Here is my idea. The buses, radio spots, magazine advertisements, and the like that feature my campaign should emphasize a simple set of slogans and calculi: does he have a job? is he using a condom? does he have anything to bring to the table? If the answers are "no" then close your legs. If you can't close your legs then demand he use a condom and you go on the pill. We need to mirror this with our men. As my mom said, "do you want a baby with this woman?" If not, wrap it up. Simple business.

That was therapeutic. I need to de-stress. As an appropriate but random non-sequitur, it is time for a little Serenity Now:

6 comments:

Bomani said...

i'm just waiting for the "white in america" special. i think that would be fascinating, personally. not that it'll happen on anything...

Big Bill said...

"As I have said before, my dad had a very old school view of life and success. He, and my godfather, would always tell me you have to do better, and white racism will change its stripes, but it is very very real and ain't going no where."

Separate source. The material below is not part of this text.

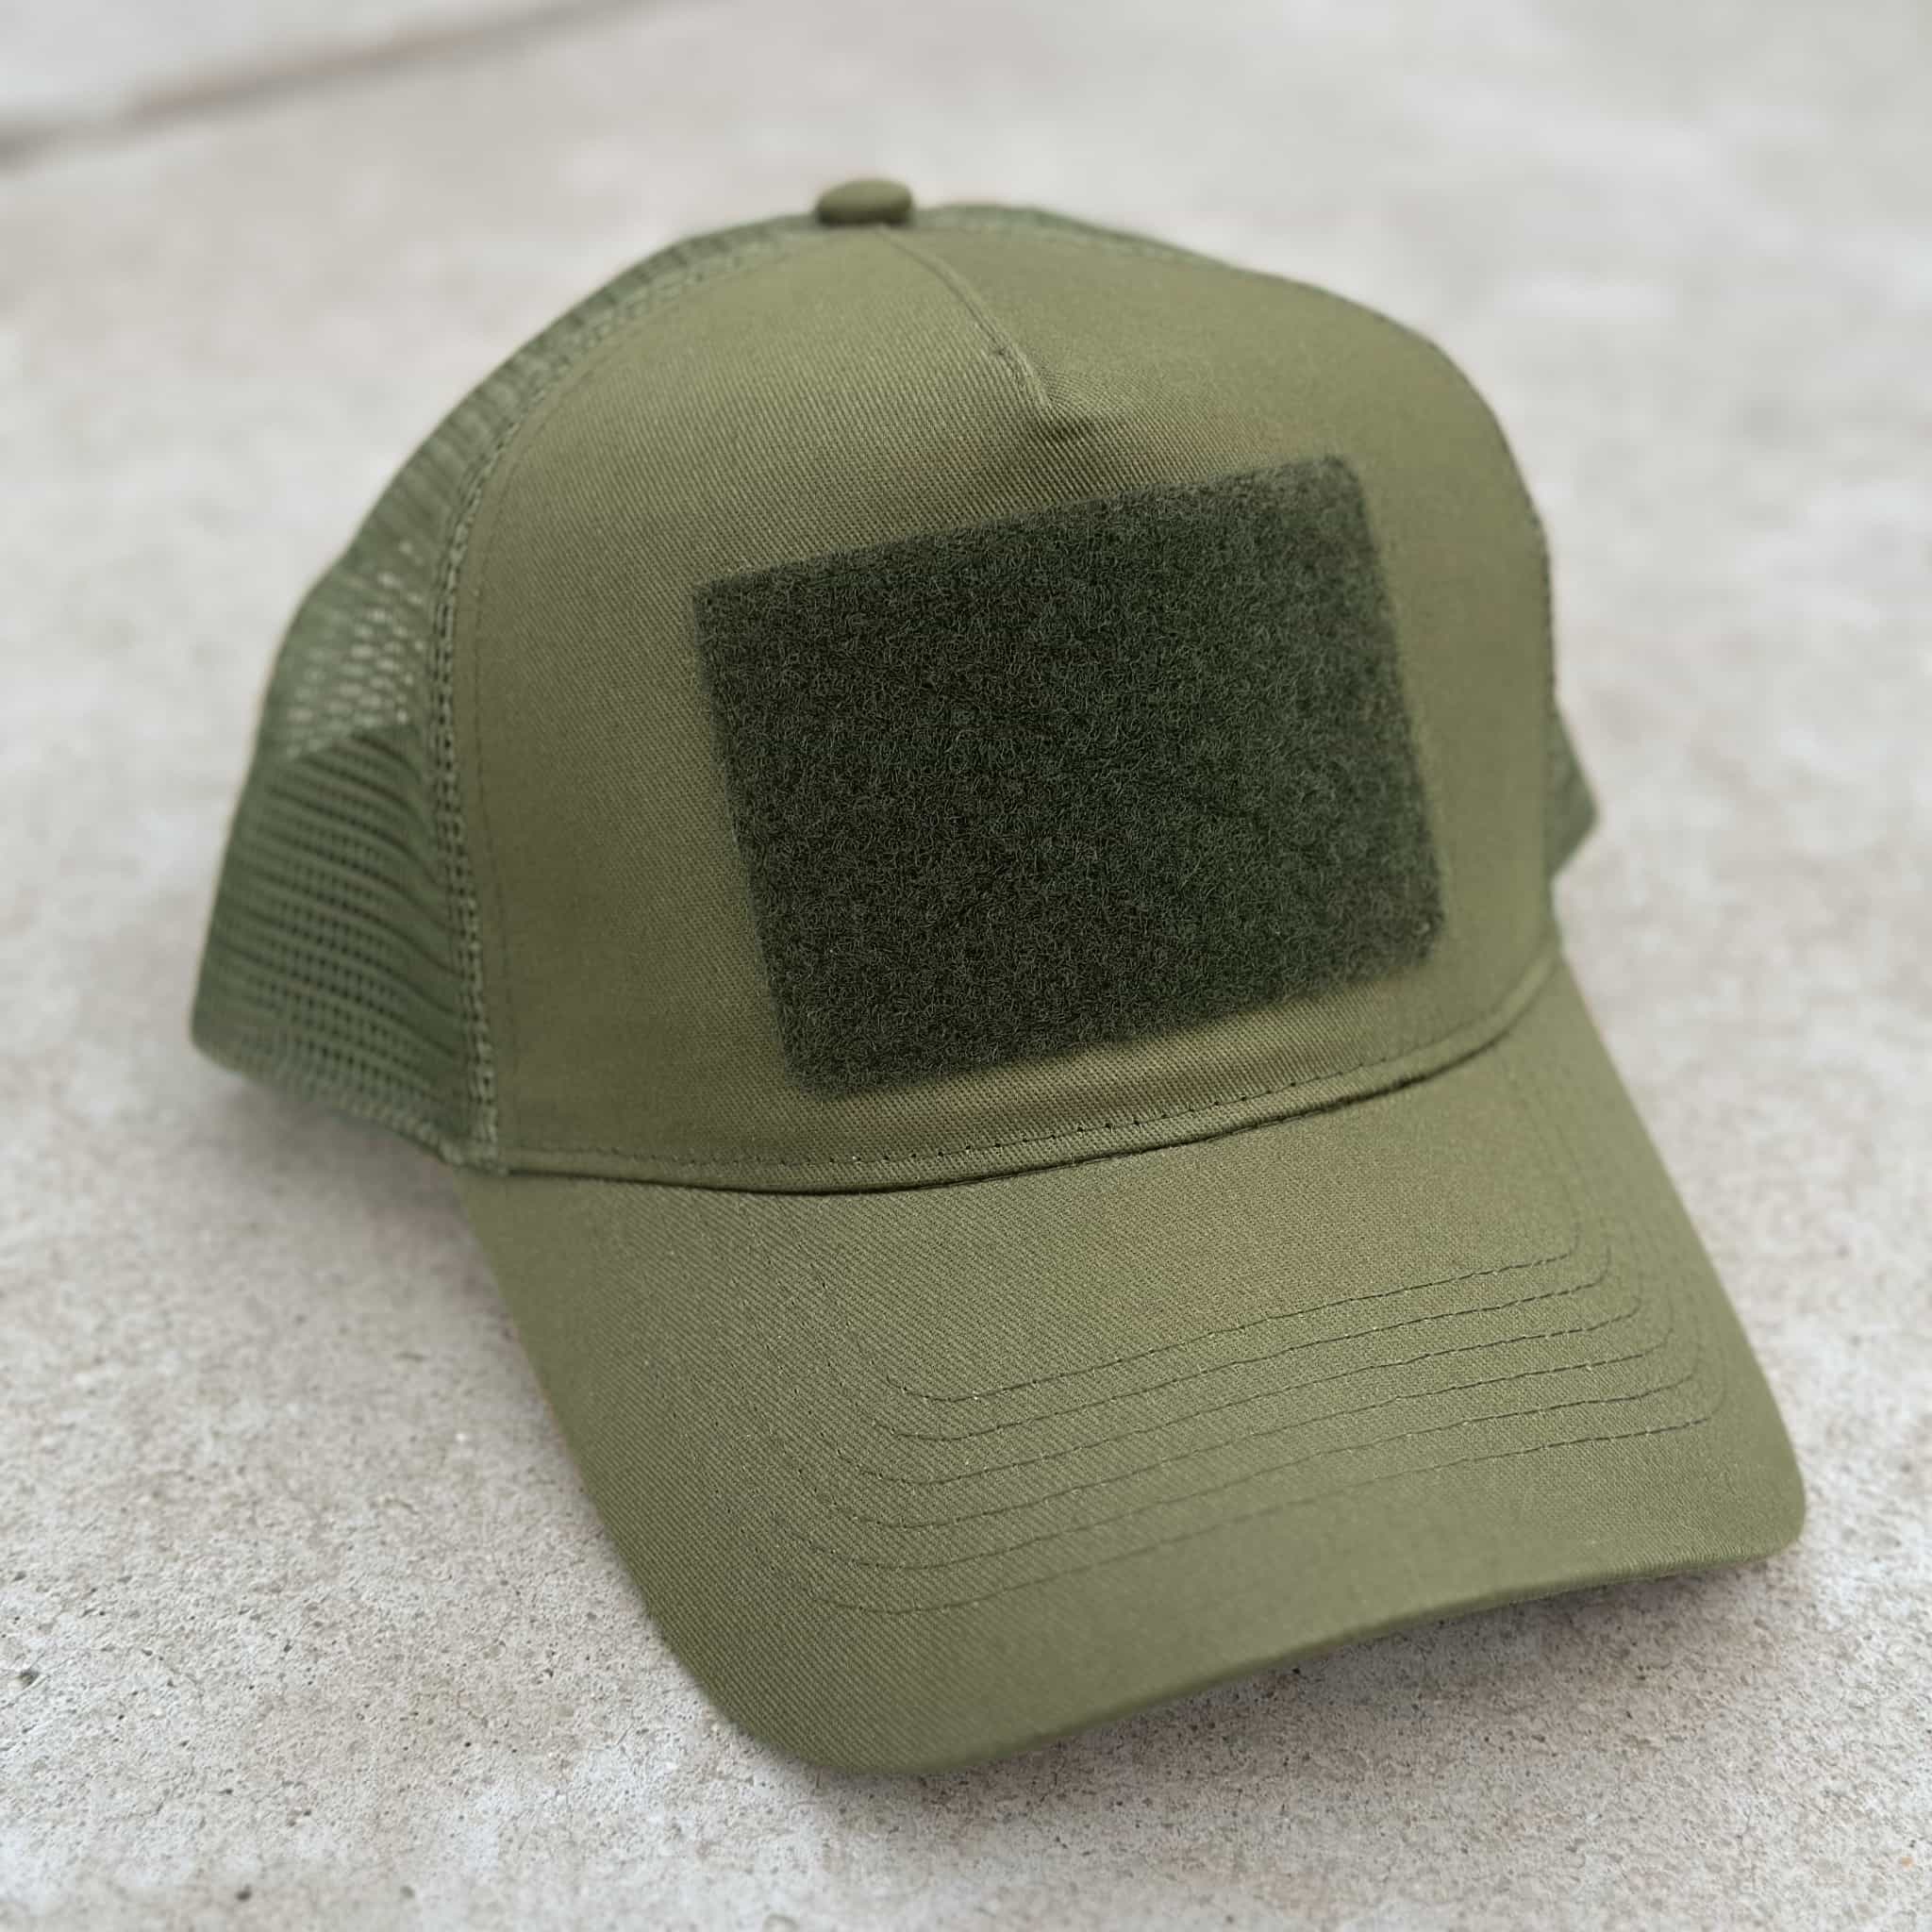 The Blank Canvas Snapback Cap in military green color with large hook-and-loop area on the front
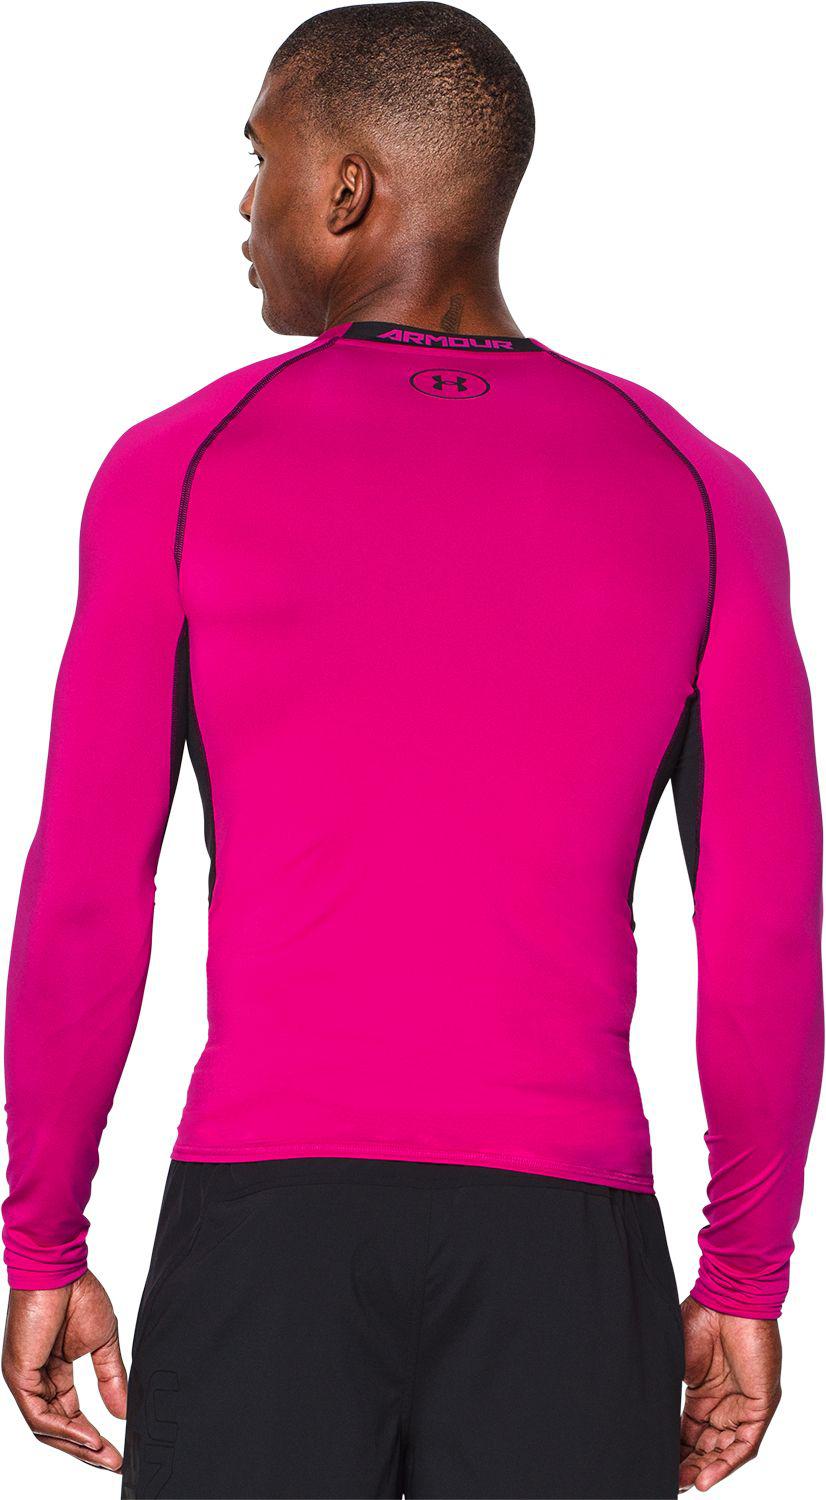 Under Armour Synthetic Power In Pink Heatgear Armour Compression Long ...

Well of course racism isn't going anywhere. Why would it? Why should it? One looks out after one's own kind. First, yourself, then your family, then your extended family, then your clan, then your tribe, and then your race. Chinese know htis. Japanese know this. The N'debele and Xhosa and Fang know this. The Igbo know this. Pretty much all tribal folks know this.

This used to be commonplace. In the black community folks used to speak of someone as being a "race man". Talk to your daddy, back then being a "race man" was a good thing.

Lady Zora, Chauncey DeVega, and Gordon Gartrelle said...

The good old days--where have the race men gone? Funny and random story, I met John Hope Franklin a few years ago and asked him "Where have all the race men gone?" He replied, "You, should start by looking in the mirror."

Sort of sharp and a little cold in his response, but hell I am honored to have even breathed the same air as JHF.

cd

Invisible Hand said...

"Let's see the negroes in the window"... the perfect phrase for the situation.

My question is, and always has been, who is this for? Cause really it seems like a program where black academics explain what it's like to be "black in America" to a studio and television audience comprised almost exclusively of black Americans.

Lady Zora, Chauncey DeVega, and Gordon Gartrelle said...

That has always been a questioned I asked myself.

Could it be for the masses who need to learn more about their own experiences? i.e. rank and file black folk? but then, what is being reported isn't news to them either? maybe curious and/or liberal whites and "educated" black people are the audience? the latter can complain about the show and the former can be "educated?"

chauncey devega

Hank Nasty said...

@bomani

I'm going to pick on the last group for whom it is still socially acceptable to publically ridicule... the "White in America" special would be more aptly named "White in Appalachia".